九州男児は外見より中身。金城氏は逆とのこと。

 風呂でも一緒になった。東京についてどういうイメージがあった、と。これは地域差があっておもしろい、と。「物資が豊富」としておく。
 あと外見と中身どっち?の話については、俺は両方、と答えておく。でも、俺のいう外見は一般的なよしあしとは異なるッス。女優じゃどんなの、と。テレビ観ないからわからねッス。映画ではシャロン・ナントカがいいと金城氏。俺は白人興味ない、と。アジアがいい、と。インドは?俺は極東アジア。でもインドは美人の国だって、初耳らしい。彼は中国に行ったことがあるという。父が旅行好きと。カネ盗まれるわ、ごまかられるわ、大変だったそうだ。日本人はヨーロッパ行かないと外国言った気がしない、と。俺はやっぱこれ(Gun)だな。ハワイとかじゃなくて、人民解放軍とかの。

 医大入ってから西洋文学やりたい、と。彼は文学青年だもんな。でも医大は忙しいってよ。札医のひと、家帰るヒマもないって。すると地方の医大は忙しいが、帝大あたりはそれなりに楽しめる、と。あと、医大は封建的で気に入らないと単位もらえないこともあるという。どこぞの大学では1年から解剖あって、行った人の話では朝から晩まで。脂肪を取る作業で、よく見えないから顔近づけて、するとかかると。メシ、肉食えず、1〜2週間は吐くという。おっかねえ。
 俺、ひとつ間違えた。札医の地元占有率は70%だ。90%って言っちまった。まあ彼は来ないだろうけれど。
 彼は医大のことを調べているはずだ。それなのに俺はわかったようなことを言っちまったような気もする。うーん、気ィつけよう。
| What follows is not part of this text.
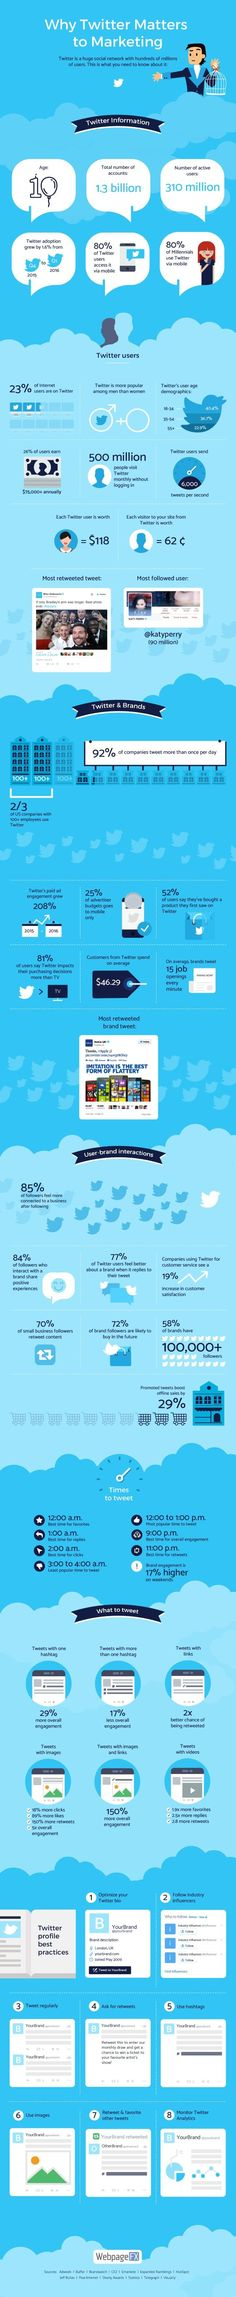 WhyTwitterMattersToMarketingInfographic

 今日は眠い。念のためのカゼ薬のせいか。疲れているのか。
 英解、PM11:00で切り上げたから、やっていないと同じ。UO先生の英演だけは予習したが。根性入れたらできたけれどね。今日はねる。


この日のカネの動き

なし

財布残高 37,690円


解説
 推薦の仕組みはよくわからないのだが、卒業後も高校時代の成績で推薦を受ける公募推薦なる制度があり、それで行けるかと布井氏は考えていた。結果として彼は一般入試で受かったところに行ったのだが、果たして公募推薦で受かりそうだったところと実際に行ったところとでは、どのような差異があり、どちらが納得いったのかはまったくわからない。どちらにせよ、勉強法について聞かれて自分のなりのやり方を答えるだけでも責任の重さに煩悶していた私が、より明確な進路選択についてアドバイスなどできるわけがなかった。
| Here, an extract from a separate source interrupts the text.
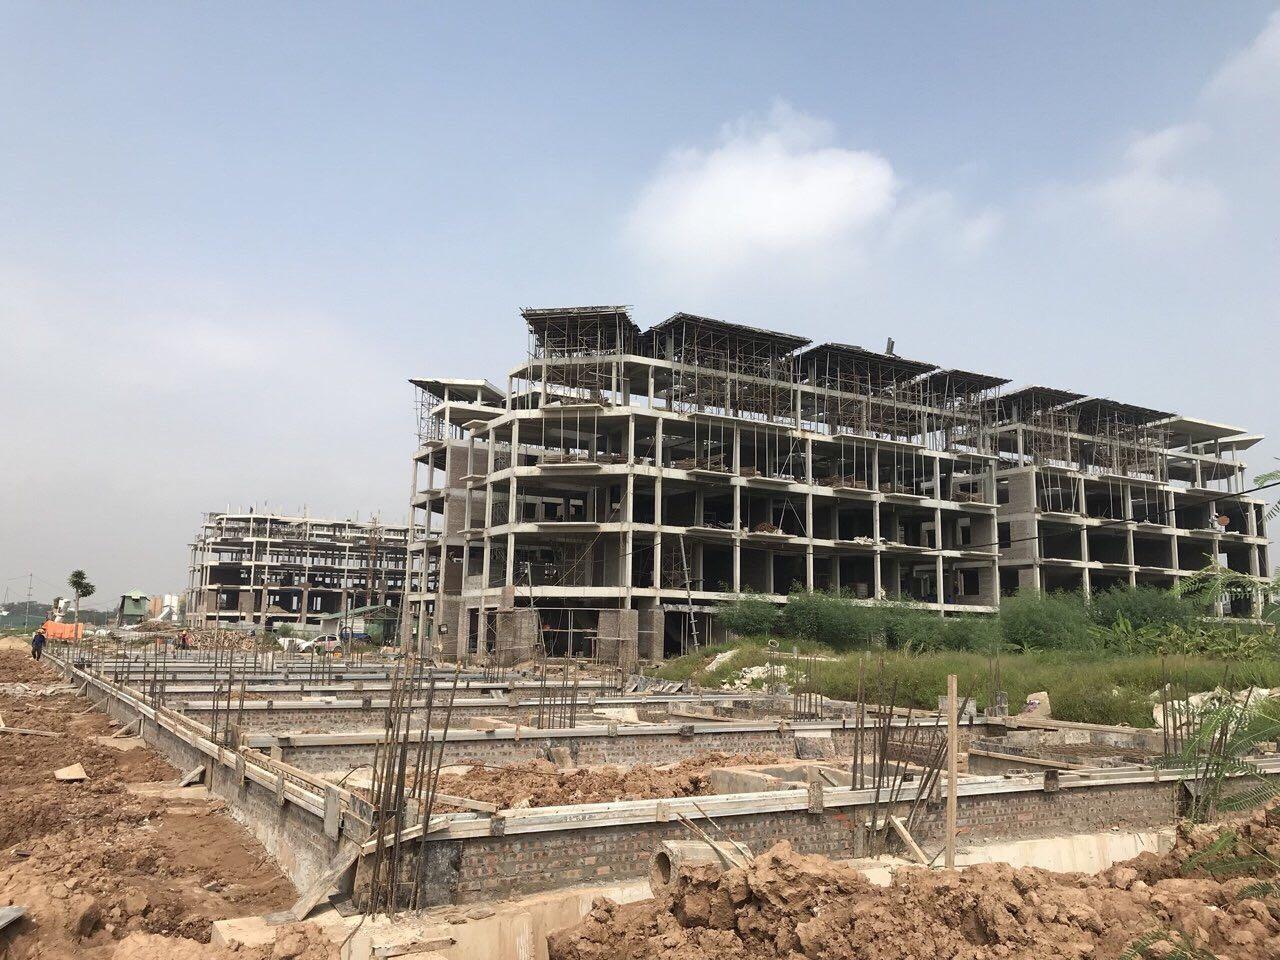 Tiến độ thi công Khai Sơn City Long Biên 8/2018

 金城氏は、筋肉質の大柄で、顔はコワモテで傷跡らしいものまである、ということで元番長、元暴走族みたいな噂が立てられていたが、これは雰囲気から語られていた噂が広まり再生産を繰り返しているうちに作られた話のような気はする。話を聞いたら文学青年で、高校は数学、物理、百人一首などで優れた活動をしているなど名門校ぶりを見せ、さらには彼自身が医学部受験者で成績ももともと良好で、そして幼少期から海外旅行に行くぐらいには文化資本もある。ワルとは掛け離れた世界に思える。しかしだからといって、ワルではなかったことにも、ワルい仲間がいなかったということにもならないのではあるが。
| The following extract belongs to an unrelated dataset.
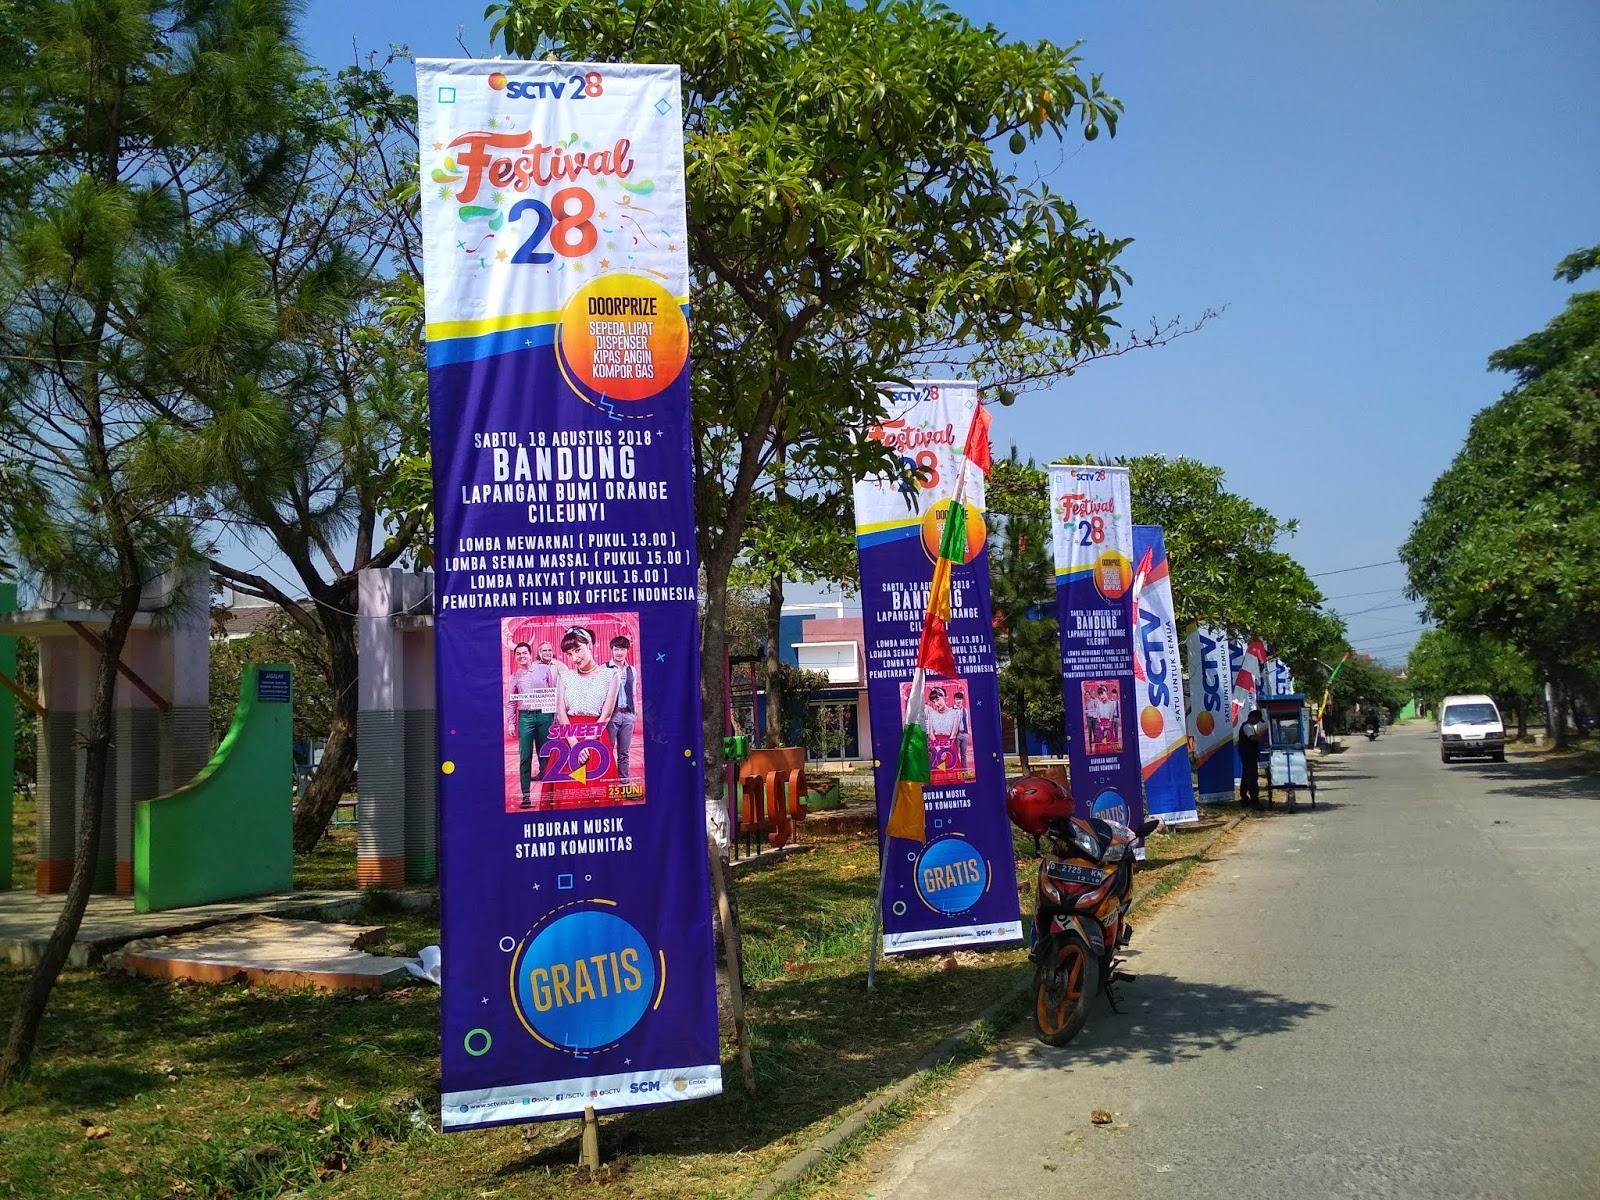 Jasa Pasang Spanduk Jasa Pasang Baliho Jasa Pasang T Banner

 「女の好み」なる、個人ではなく属性で語る話は、今も昔も苦手の上に不快感さえ抱いている。が、男性社会で暮らすにはそういう会話は避けられず、テキトーなことを放言している。が、こういうテキトーな放言を人はかなりの蓋然性で覚えているので、一貫性がないと驚かれたり苦言を呈されたりするのでほとほとめんどくさい。